SouthPark serves as a transit hub with the SouthPark Community Transit Center, which is located on the parking deck of the SouthPark Mall, between Belk and Dillard's. The hub also serves as a transfer point to several stations along the Lynx Blue Line light rail.

===Roads===
Fairview Road (which turns into Tyvola Road going west and Sardis Road going east), Colony Road, Park Road, Sharon Road, Sharon Lane, and Morrison Boulevard are important thoroughfares in SouthPark. Interstate 77 also serves SouthPark via Tyvola Road at exit 5. Commuters rely on car transportation and congestion is common during rush hour.

==Economy==
SouthPark is the home to the Fortune 300 company Nucor, as well as Dixon Hughes Goodman, National Gypsum, Coca-Cola Bottling Co. Consolidated, AmWINS Group, Carolinas AGC and Piedmont Natural Gas. Fluor, Bank of America Mortgage, First Citizens Bank, SunTrust Banks and CSX have major divisional operations located in SouthPark. The area is also home to the flagship store of grocer Harris Teeter.

==Retail==
Within the limits of SouthPark, the upscale SouthPark Mall features many high-end designers and boutique stores. The Village at SouthPark, located adjacently, features stores restaurants. Other shopping complexes such as Phillips Place are within a close radius to SouthPark Mall and feature a diverse mix of tenants.

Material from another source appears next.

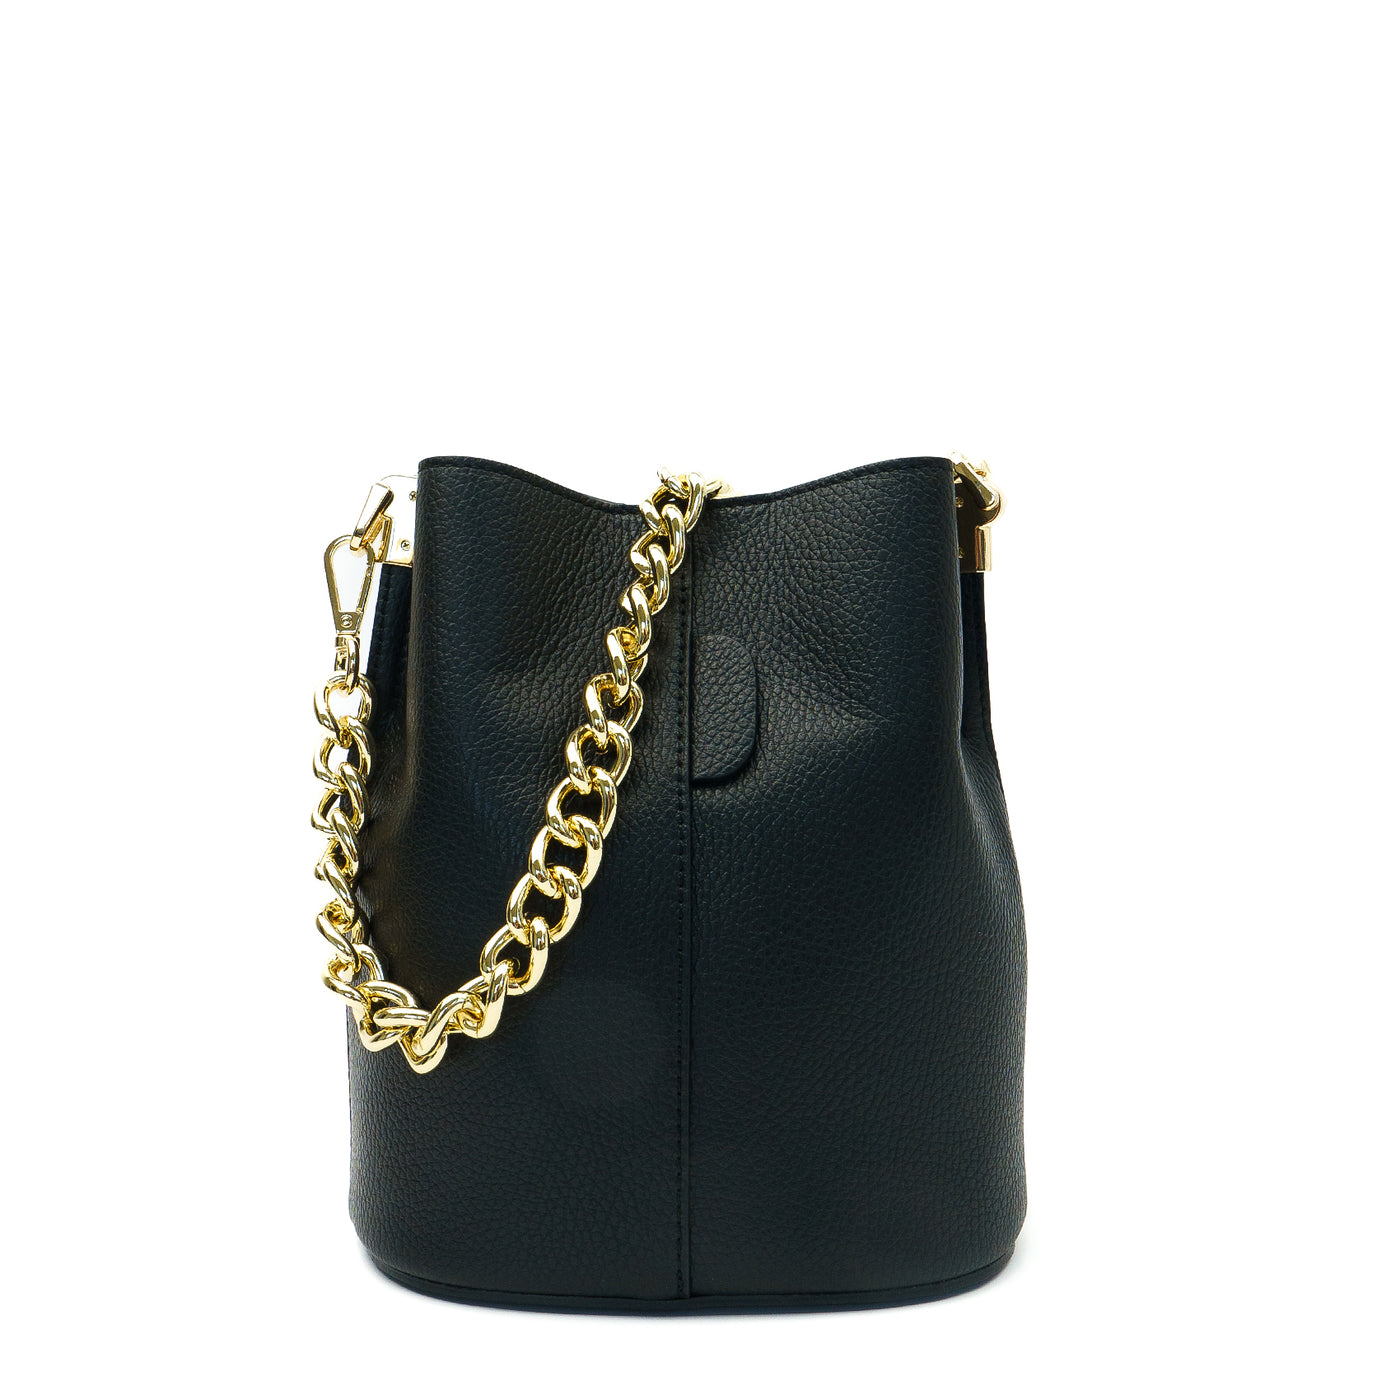 Leather bag "Ravenna midi" with leather chain, Black

In 2011 SouthPark Mall was the most congested shopping mall in the United States during Black Friday weekend.

==Healthcare==
Carolinas Medical Center, owned and operated by Atrium Health, serves SouthPark and surrounding areas. Atrium Health recently opened a new medical office complex within SouthPark featuring a medical office tower and freestanding emergency department.

==Education and library==

===School systems===
Residents of SouthPark attend Charlotte-Mecklenburg Schools, including Beverly Woods Elementary, Selwyn Elementary, Sharon Elementary, Smithfield Elementary, Alexander Graham Middle, Carmel Middle, Quail Hollow Middle, Myers Park High School, Providence Day School and South Mecklenburg High School. Charlotte Country Day School is on the eastern edge of SouthPark.

===Library===
SouthPark is served by the South Park branch of the Public Library of Charlotte and Mecklenburg County.

==Sites of interest==
- Morrocroft Manor
The Upper Section of Deering Oaks at Richardson Drive and Beverwyck Road, Sharon Lane, Lemon Tree, Arborway and Foxcroft Road are the anchors of SouthPark Corridor's route for runners, and home to Charlotte's celebrities from Billy Graham's family to NASCAR's Jeff Gordon.
- The architecturally notable Rotunda Building is located in SouthPark.
The architecturally notable Capitol Towers is located in SouthPark.
- The Symphony Park amphitheater at SouthPark is formerly home to Charlotte Symphony's Summer Pops concerts.
- SouthPark Mall hosts an annual Christmas tree lighting on or around Thanksgiving Day.